Le verdict du Conseil constitutionnel sur la réintégration d’Ousmane Sonko à l’Assemblée nationale provoque de nombreuses réactions dans le milieu juridique sénégalais. Cette décision, perçue comme un possible changement de cap dans la jurisprudence, interroge la cohérence des institutions face à des enjeux constitutionnels fondamentaux.

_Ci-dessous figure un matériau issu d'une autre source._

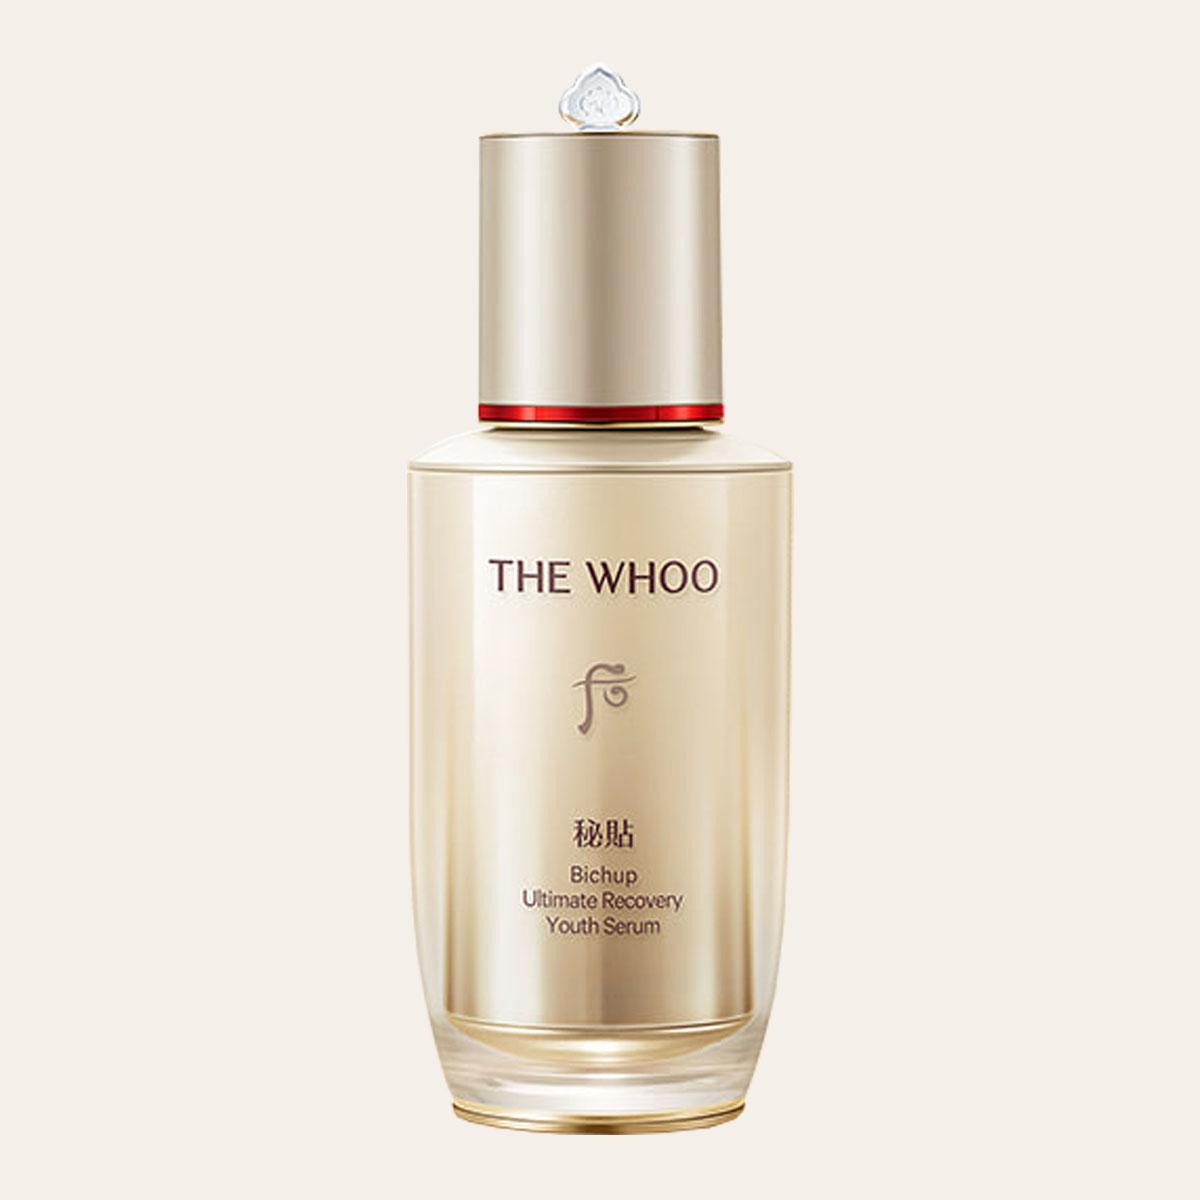 The History of Whoo - Bichup Ultimate Recovery Youth Serum

Le 17 juin 2026, le Conseil constitutionnel a rendu sa décision dans le dossier de la réintégration d’Ousmane Sonko à l’Assemblée nationale. La motivation, présentée comme strictement procédurale — l’incompétence du juge —, est interprétée de manière contrastée par les observateurs. Certains y voient un infléchissement discret de la jurisprudence constitutionnelle, tandis que d’autres estiment qu’il s’agit d’une simple application des règles. Au cœur de cette controverse, le Conseil constitutionnel du Sénégal est interrogé sur la cohérence de sa propre trajectoire. Pour plusieurs analystes du droit public, cette décision récente tranche avec une dynamique plus audacieuse observée quelques années plus tôt, notamment lors de la séquence institutionnelle de février 2024. Une affaire qui dépasse le simple contentieux électoral : l’analyse critique met en lumière un contraste net entre deux moments clés de la justice constitutionnelle récente. D’un côté, une phase où le juge avait assumé une posture extensive, se présentant comme régulateur du fonctionnement des institutions et garant de la stabilité institutionnelle. De l’autre, une approche restrictive centrée sur la qualification juridique de l’acte contesté. Ce revirement soulève des questions sur la constance de la jurisprudence sénégalaise.